Stevie McCrorie is feeling “anxious” when The Courier calls.
It doesn’t help that he’s driving around Stirling in the pouring rain, shopping for a new car for his wife Amy.
But unlike the other punters haggling around the showrooms for a good deal, this customer is also wondering how his debut album Big World is going to fare when it hits the official UK music charts.
Welcome to the changed world of the firefighter-turned-pop-star, who won the hearts of the viewing public in last year’s run of television talent show The Voice and whose new release sees him pitted against music industry titans such as Adele and Justin Bieber.
“It’s been an anxious week,” he says. “I’m really proud of the album. I believe it should get the reaction it deserves.
“A lot of it is about time and luck. It’s not going to be easy.
“The Voice was always a stepping stone to becoming the artist I want to be.
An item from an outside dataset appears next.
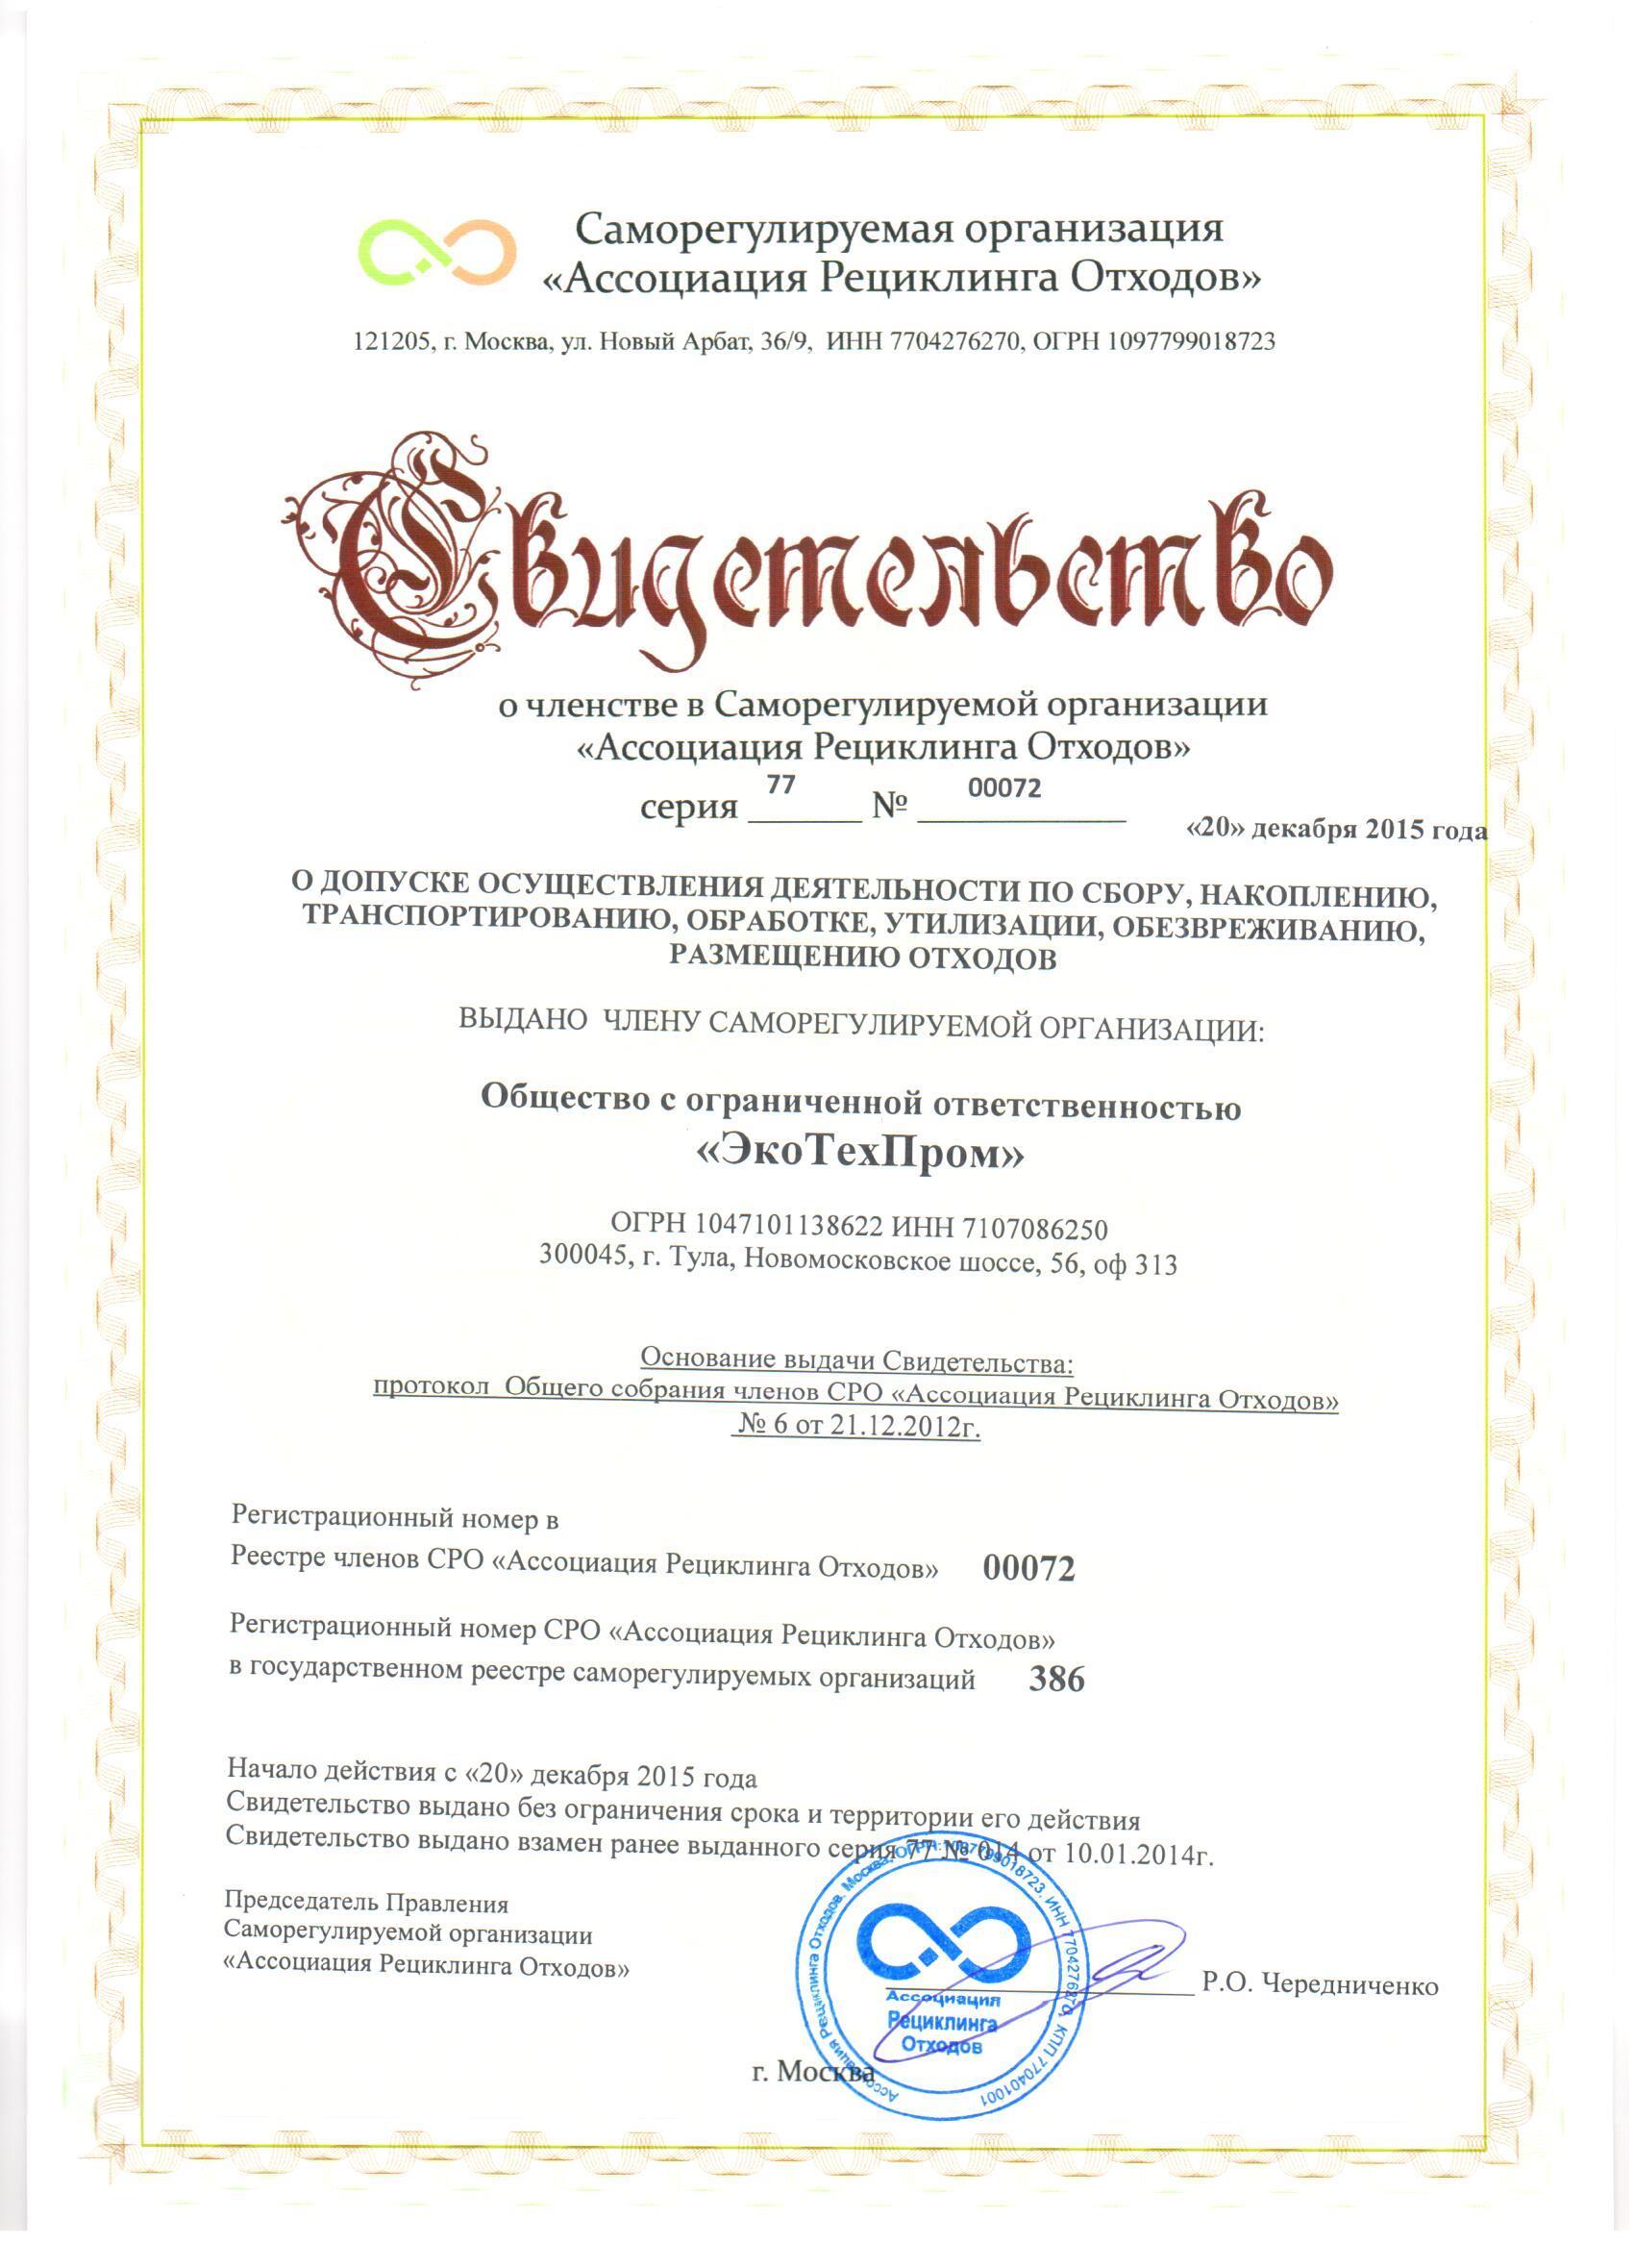 EcoTehProm-Tula_sro_ARO

Now I’m ready, I want to give everything I’ve got to the album.”
Any fears of a flop proved unfounded when Big World came out last Friday on the eve of the opening night in this year’s series of The Voice on BBC One.
Stevie of Alva, Clackmannanshire, reached number eight in the iTunes chart and by the middle of this week he was at number 22 in the official UK top 40 albums impressive feats for a 30-year-old who first picked up a guitar at 15 and was entered into the singing competition by his colleagues at Kirkcaldy fire station.
Fans have been posting rave reviews on social media and last weekend, Stevie was given a heroes’ welcome by hundreds who turned up for live acoustic sets at HMV stores in Stirling, Edinburgh, Livingston and Glasgow Braehead.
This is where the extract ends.